Cyclic means a cyclic permutation of the operands:
$$
{\bf A} \to {\bf B}, {\bf B} \to {\bf C}, {\bf C} \to {\bf A}
\quad
a \to b, b \to c, c \to a
$$
This gives
$$
{\bf A} = \frac{{\bf b}\times {\bf c}}{{\bf a}\cdot({\bf b}\times {\bf c})}
\quad
{\bf B} = \frac{{\bf c}\times {\bf a}}{{\bf b}\cdot({\bf c}\times {\bf a})}
\quad
{\bf C} = \frac{{\bf a}\times {\bf b}}{{\bf c}\cdot({\bf a}\times {\bf b})}
$$
and
$$
{\bf a} = \frac{{\bf B}\times {\bf C}}{{\bf A}\cdot({\bf B}\times {\bf C})}
\quad
{\bf b} = \frac{{\bf C}\times {\bf A}}{{\bf B}\cdot({\bf C}\times {\bf A})}
\quad
{\bf c} = \frac{{\bf A}\times {\bf B}}{{\bf C}\cdot({\bf A}\times {\bf B})}
$$
From Reciprocal Lattice
[..] the "crystallographer's" definition, comes
from defining the reciprocal lattice to be $e^{2 \pi
i\mathbf{K}\cdot\mathbf{R}}=1$ which changes the definitions of
the reciprocal lattice vectors to be
$ \mathbf{b_{1}}=\frac{\mathbf{a_{2}} \times
\mathbf{a_{3}}}{\mathbf{a_{1}} \cdot (\mathbf{a_{2}} \times
\mathbf{a_{3}})}$ and so on for the other vectors.
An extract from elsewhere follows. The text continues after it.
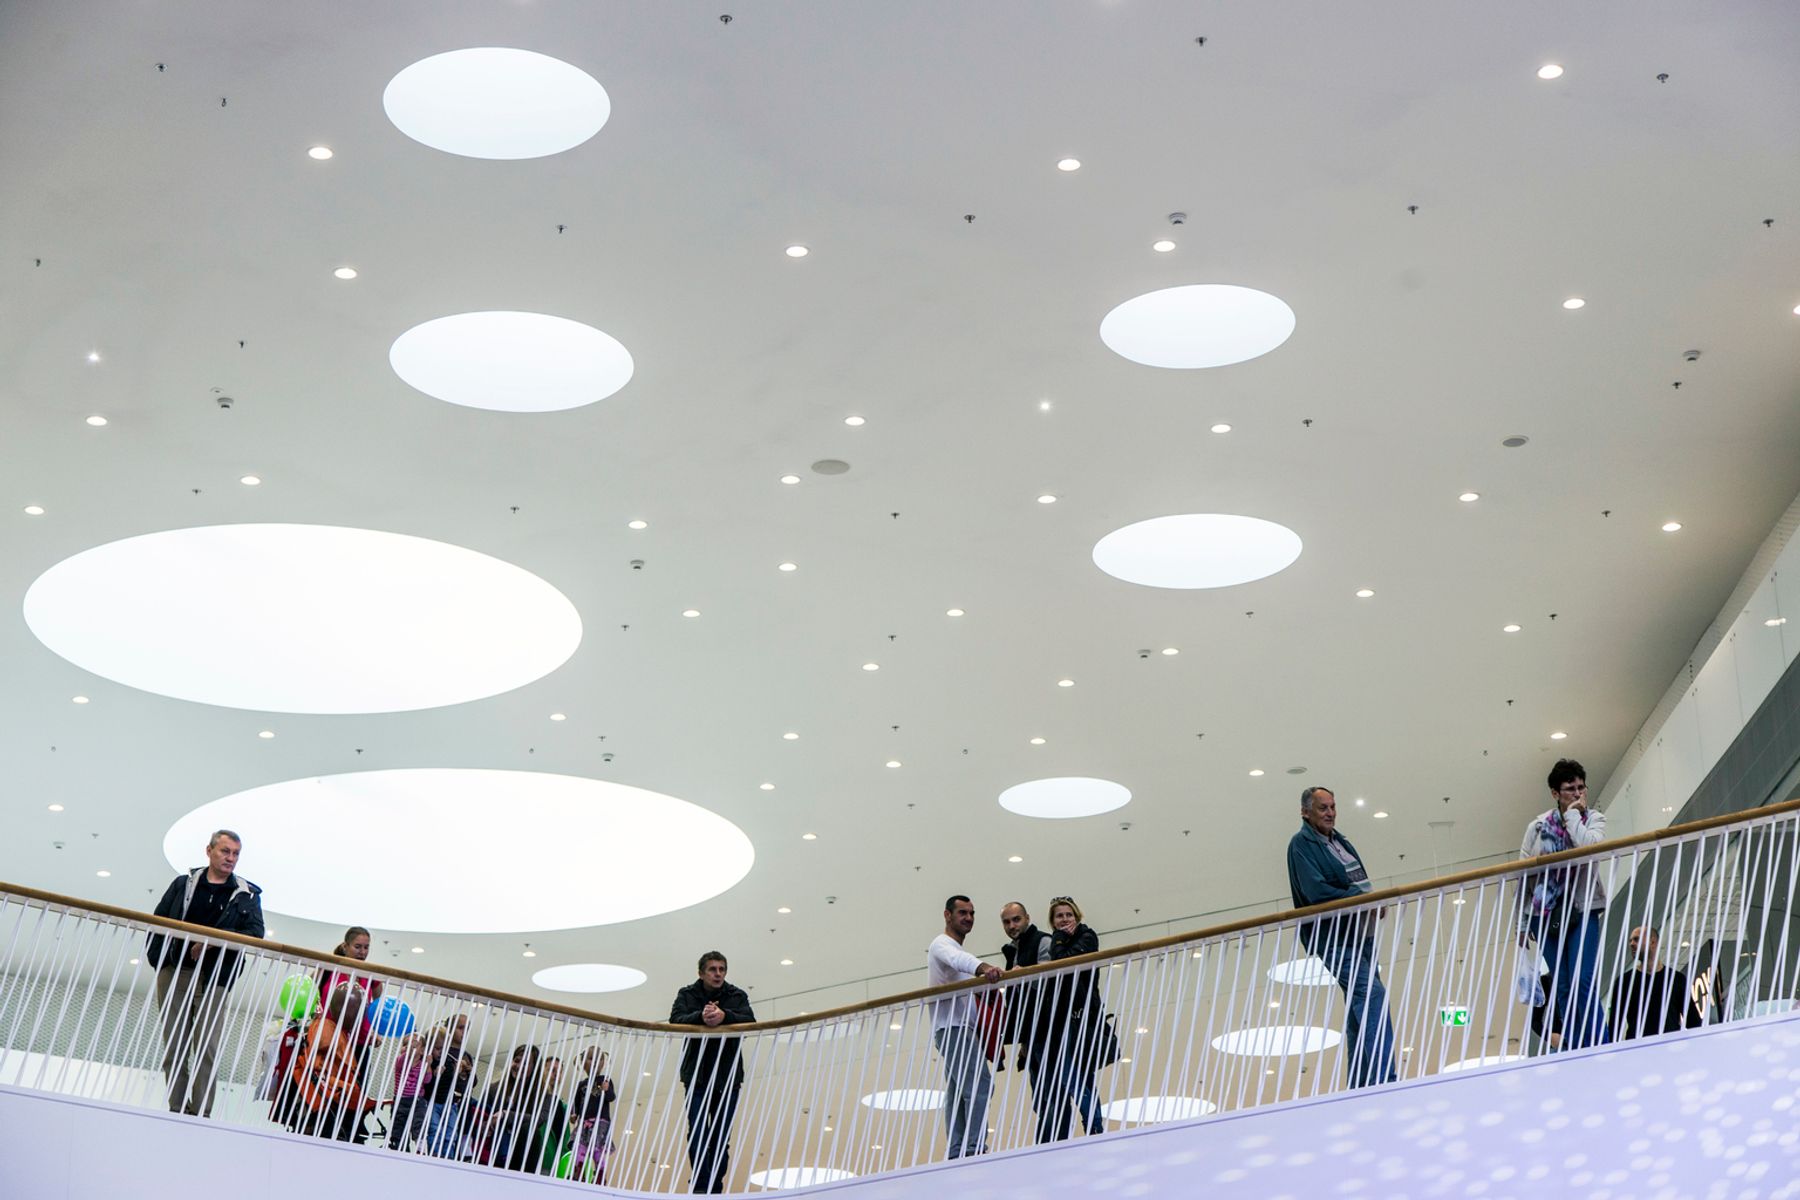 Centro commerciale Bory Mall, Bratislava. Architettura: Massimiliano Fuksas, Roma. Fotografia: Dirk Vogel, Dortmund

The
crystallographer's definition has the advantage that the definition of
$\mathbf{b_{1}}$ is just the reciprocal magnitude of
$\mathbf{a_{1}}$ in the direction of $\mathbf{a_{2}}
\times \mathbf{a_{3}}$, dropping the factor of $2
\pi$.
Checking the magnitude:
$$
\lVert{\bf A}\rVert = \frac{\lVert {\bf b} \times{\bf c}\rVert}{\lVert{\bf a}\rVert\lVert{\bf b}\times {\bf c}\rVert\cos\angle({\bf a}, {\bf b} \times{\bf c})}
=
\frac{1}{\lVert{\bf a}\rVert ({\bf e_a} \cdot {\bf e}_{{\bf b} \times{\bf c}})}
$$
Solving the question:
Using the "bac-cab" rule
${\bf a}\times({\bf b}\times{\bf c}) = {\bf b}({\bf a}\cdot {\bf c}) - {\bf c}({\bf a}\cdot {\bf b})$ we go for the nominator of ${\bf B}\times{\bf C}$:
$$
({\bf c}\times {\bf a})\times({\bf a}\times{\bf b}) =
{\bf a}(({\bf c}\times{\bf a})\cdot{\bf b})-{\bf b}(({\bf c}\times{\bf a})\cdot{\bf a})=
{\bf a}(({\bf c}\times{\bf a})\cdot{\bf b})
$$
because ${\bf c}\times{\bf a} \perp {\bf a}$.
This gives
$$
{\bf B}\times{\bf C}
=
\frac{{\bf a}(({\bf c}\times{\bf a})\cdot{\bf b})}{({\bf b}\cdot({\bf c}\times {\bf a}))({\bf c}\cdot({\bf a}\times {\bf b}))}
=
\frac{{\bf a}}{{\bf c}\cdot({\bf a}\times {\bf b})} \\
{\bf A}\cdot({\bf B}\times{\bf C})
=
\frac{{\bf b}\times {\bf c}}{{\bf a}\cdot({\bf b}\times {\bf c})}
\cdot
\frac{{\bf a}}{{\bf c}\cdot({\bf a}\times {\bf b})}
=
\frac{1}{{\bf c}\cdot({\bf a}\times {\bf b})}
$$
Dividing those gives the desired result
$$
\frac{{\bf B}\times{\bf C}}{{\bf A}\cdot({\bf B}\times{\bf C})}
=
\frac{{\bf c}\cdot({\bf a}\times {\bf b})\,{\bf a}}{{\bf c}\cdot({\bf a}\times {\bf b})}
= {\bf a}
$$